DATED at Toronto, Ontario, this 26th day of February, 2016.
By Order of the Board of Directors of
Merus Labs International Inc.
Per:“Barry Fishman”
Barry Fishman
Chief Executive Officer
and Director
SCHEDULE A
MERUS LABS INTERNATIONAL INC.
AUDIT COMMITTEE CHARTER
MERUS LABS INTERNATIONAL INC.
(the “Company”)
AUDIT COMMITTEE CHARTER
The primary function of the Audit Committee is to assist the Board of Directors (the “Board”) in fulfilling its responsibility to exercise oversight over the financial reporting process of the Company and the audits of the financial statements of the Company.
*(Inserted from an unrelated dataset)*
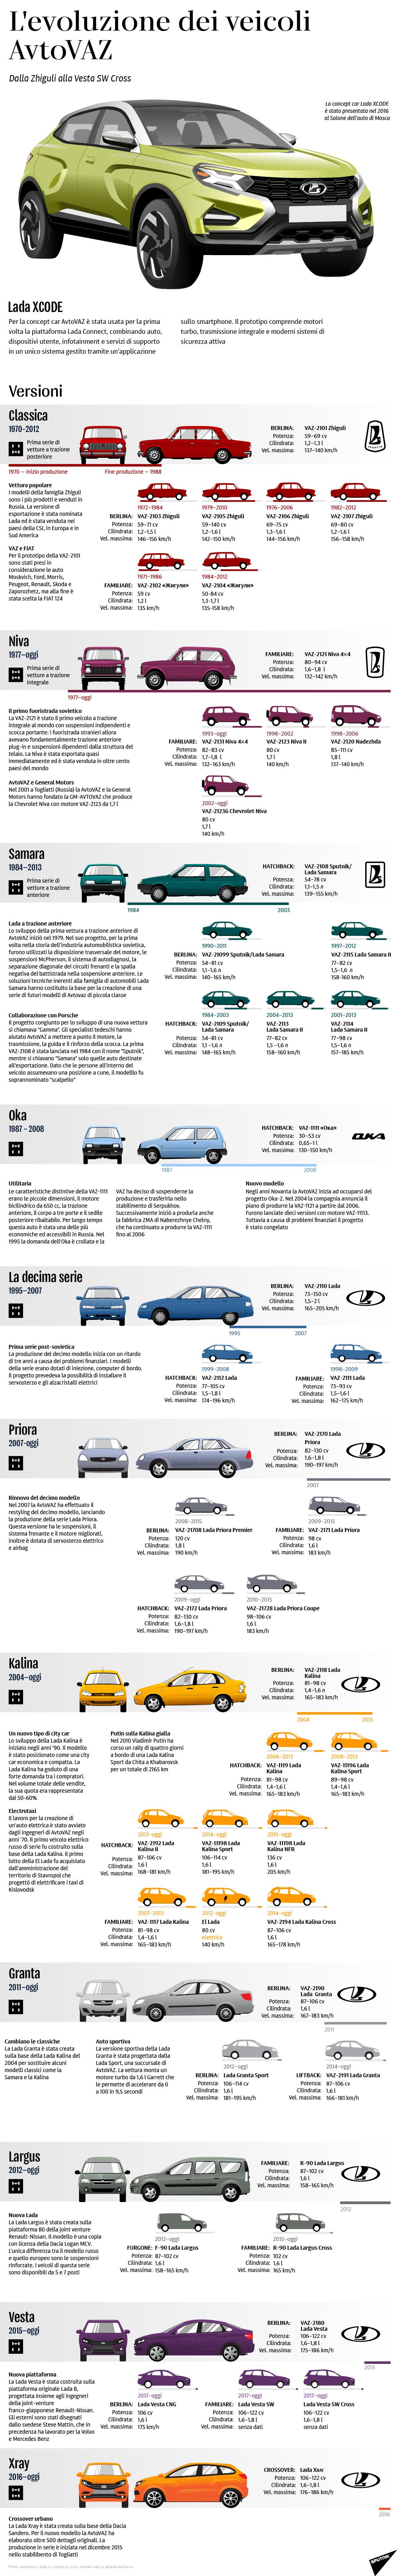 L'evoluzione dei veicoli AvtoVAZ - Sputnik Italia

The Audit Committee will assist the Board in fulfilling its oversight responsibilities with respect to (i) the integrity of the financial statements of the Company, (ii) the independent auditor’s qualifications and independence, (iii) the performance of the Company’s internal financial controls and audit function and the performance of the independent auditors, and (iv) the compliance by the Company with legal and regulatory requirements. In performing this function, the Audit Committee will serve as an independent and objective party to monitor the Company’s financial reporting process and internal control system in light of applicable legal and regulatory requirements, review and appraise the audit efforts of the Company’s independent auditor, and provide an open avenue of communication among the independent auditor, financial and senior management and the Board of Directors. The Audit Committee will also be responsible for the other matters as set out in this Charter and such other matters as may be directed by the Board from time to time.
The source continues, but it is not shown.